* **WHAT YOU HAVE TO DO**
Pictures in the data should be dropped; transcribe exactly the lines from the one that has "Vegetables in a" through the one that has "Deron Williams Iphone".

* **GIVEN RECORDS**
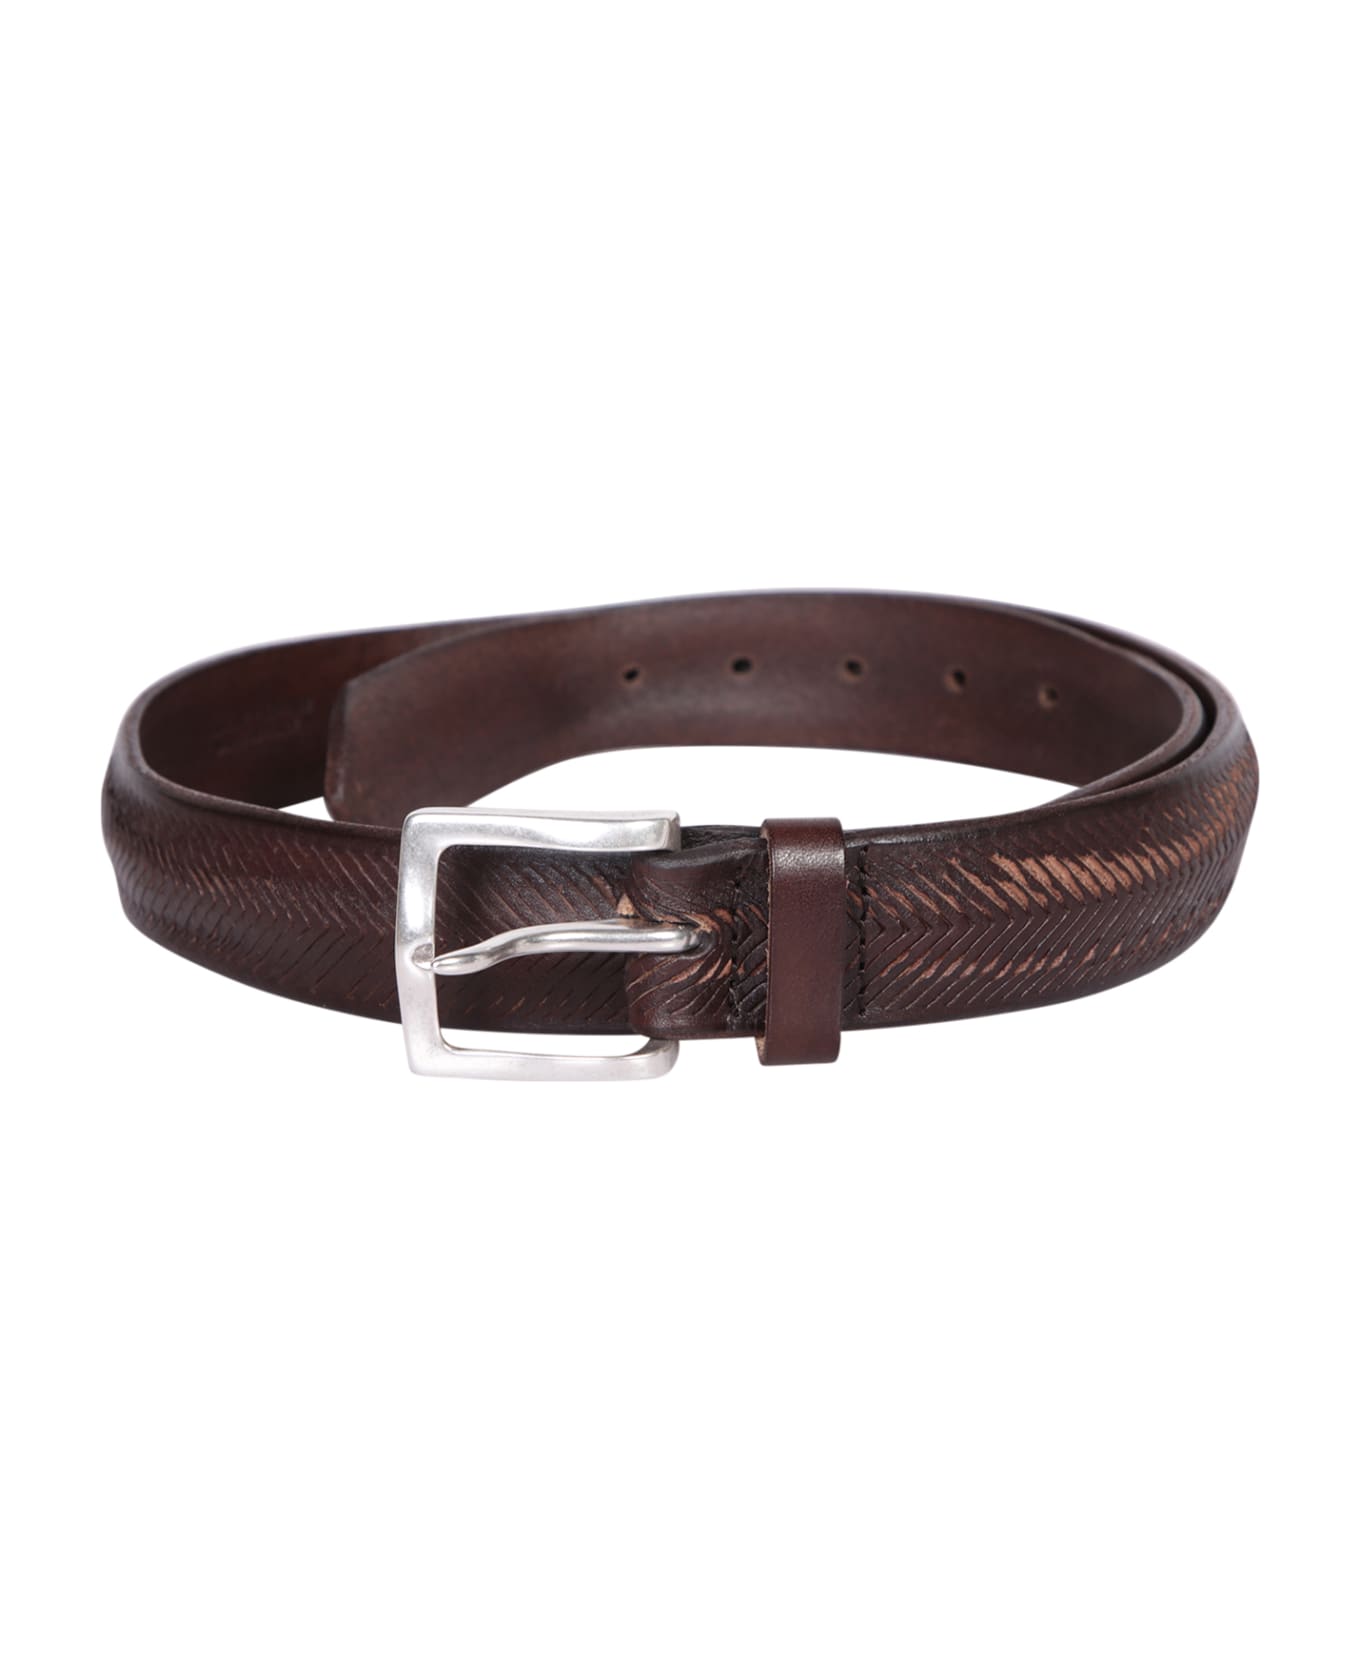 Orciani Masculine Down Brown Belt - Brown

==

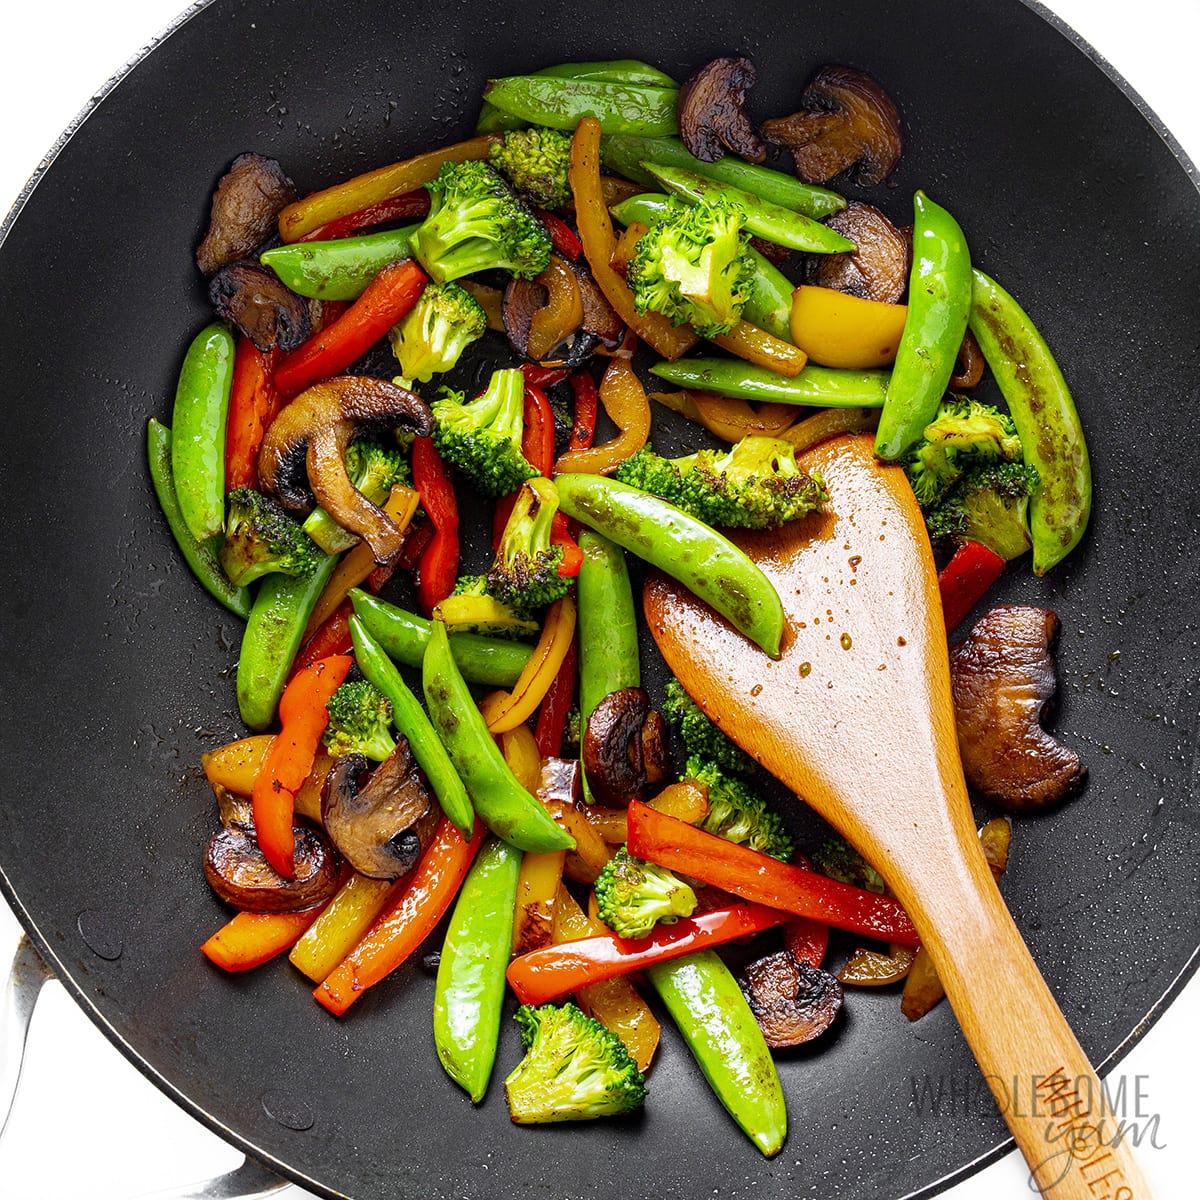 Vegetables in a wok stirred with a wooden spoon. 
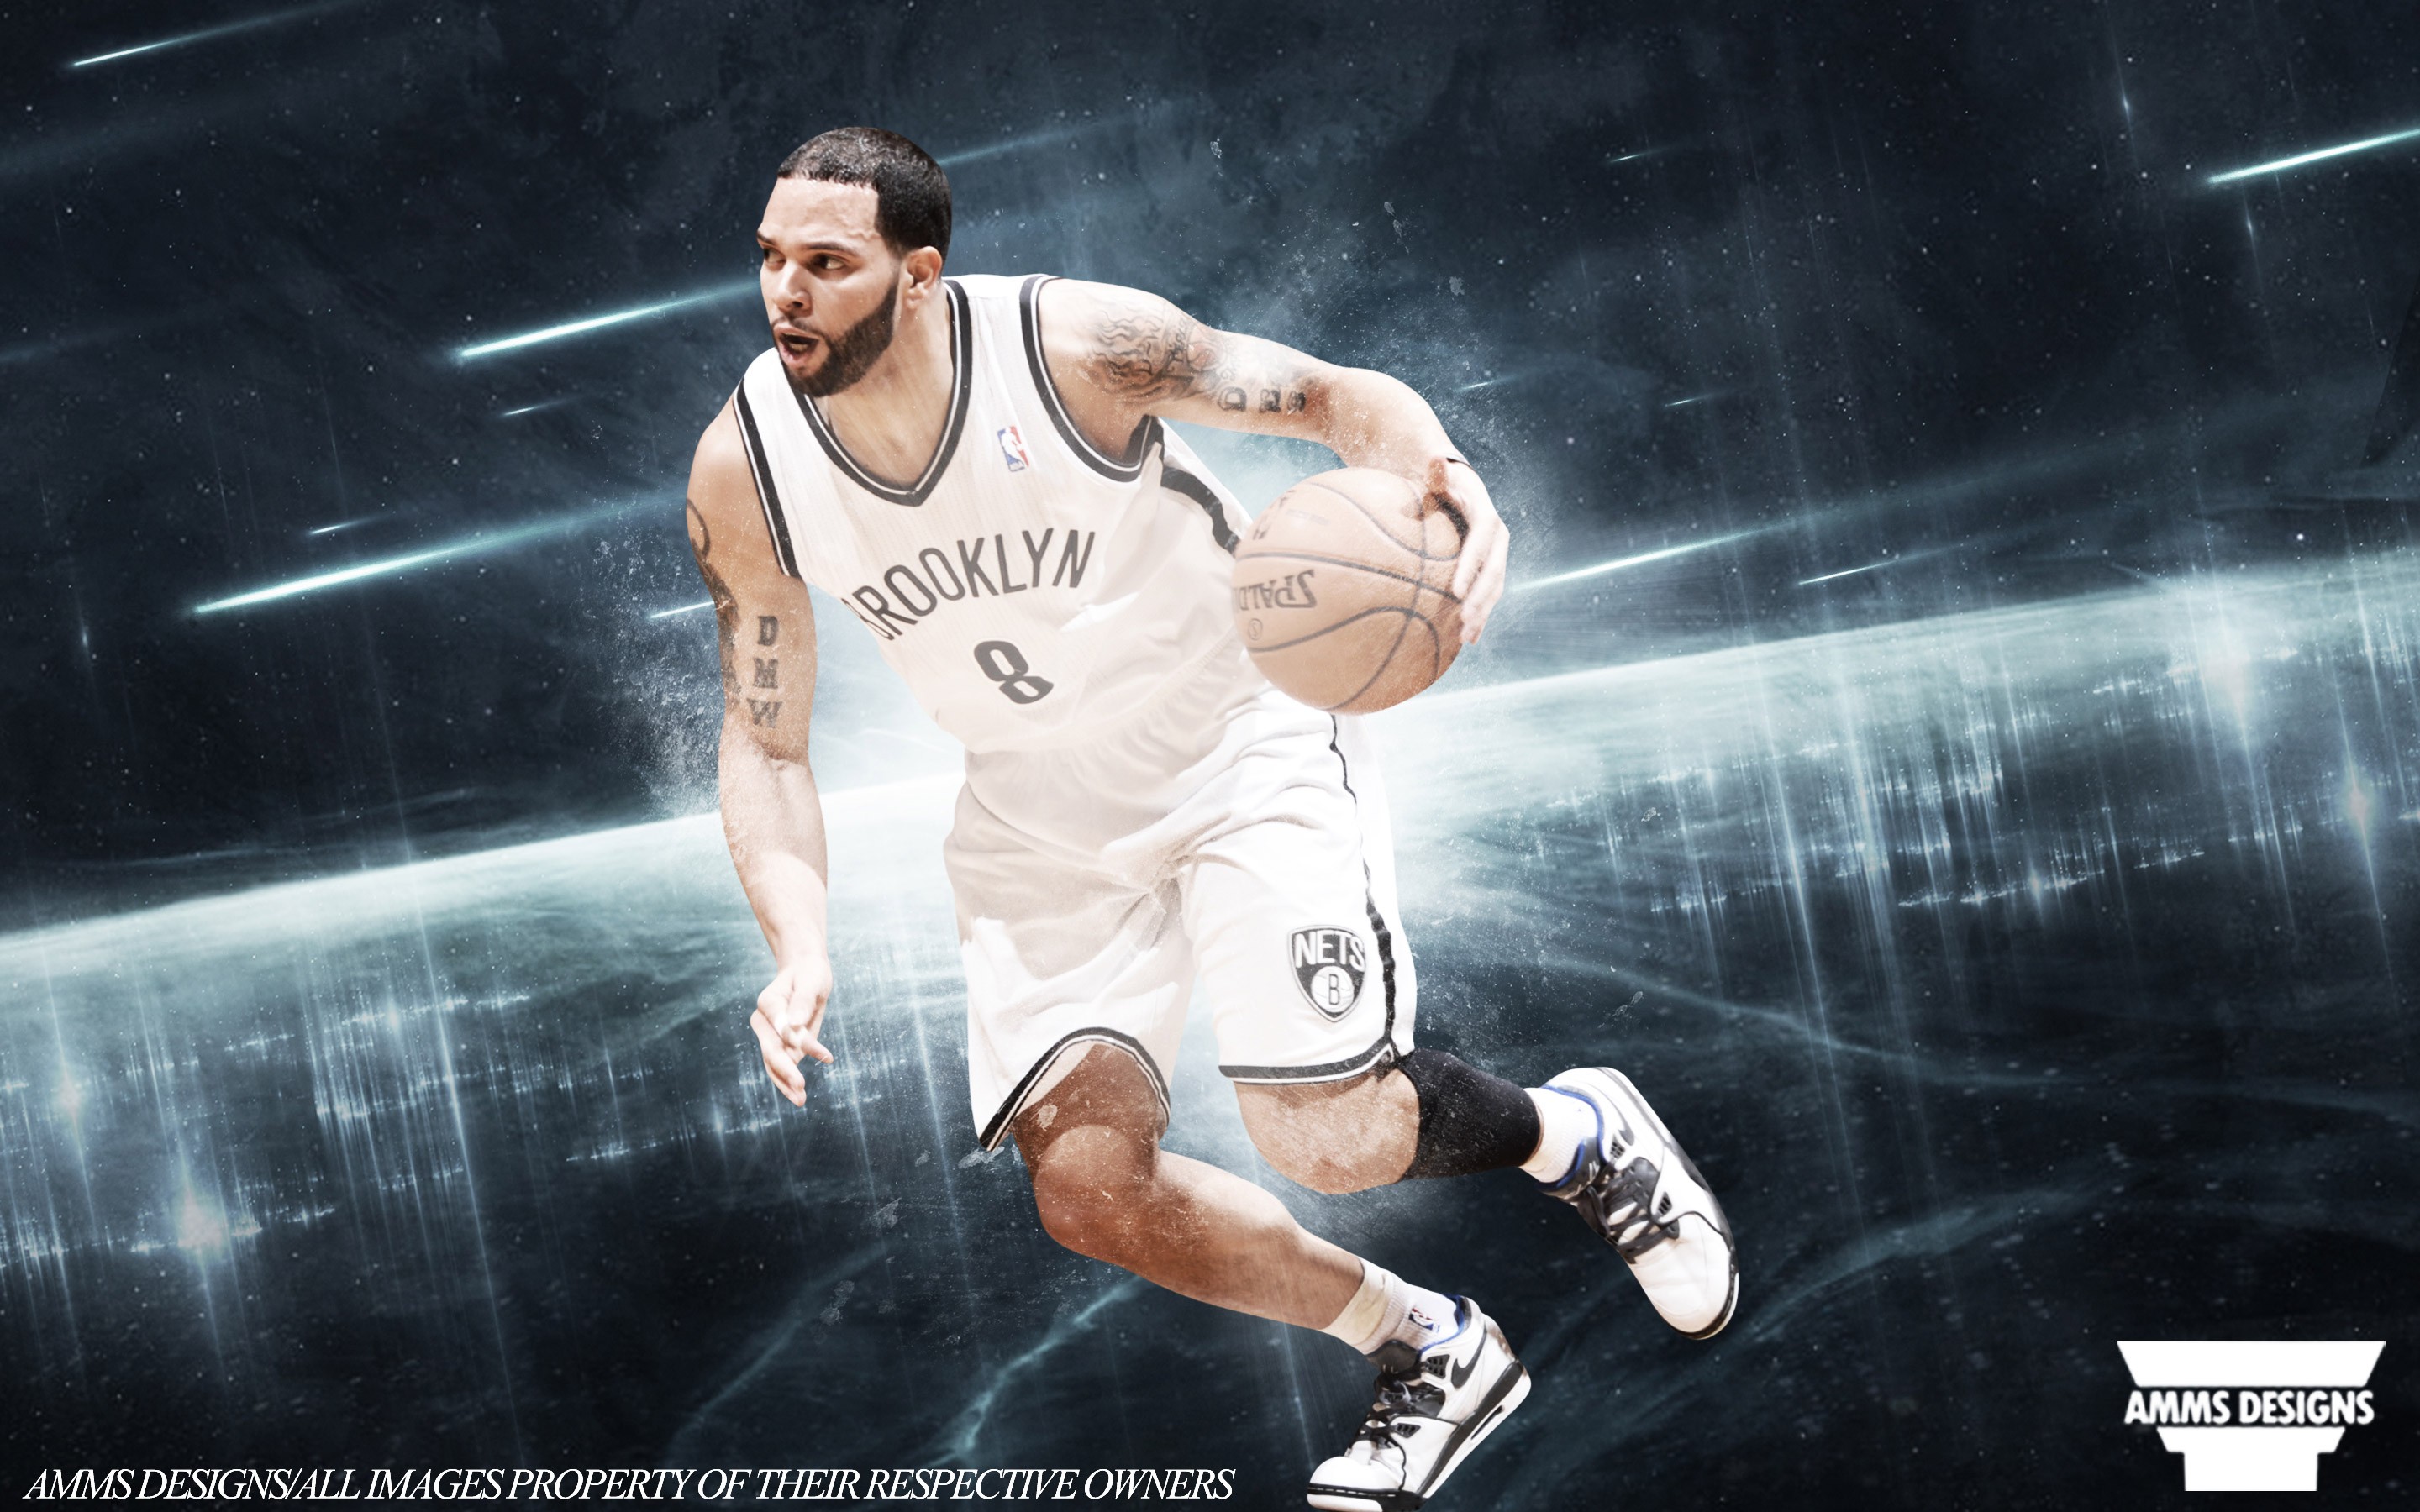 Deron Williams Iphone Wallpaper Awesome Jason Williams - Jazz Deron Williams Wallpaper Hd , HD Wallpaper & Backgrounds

* **RESPONSE BOX**
 Vegetables in a wok stirred with a wooden spoon. 
 Deron Williams Iphone Wallpaper Awesome Jason Williams - Jazz Deron Williams Wallpaper Hd , HD Wallpaper & Backgrounds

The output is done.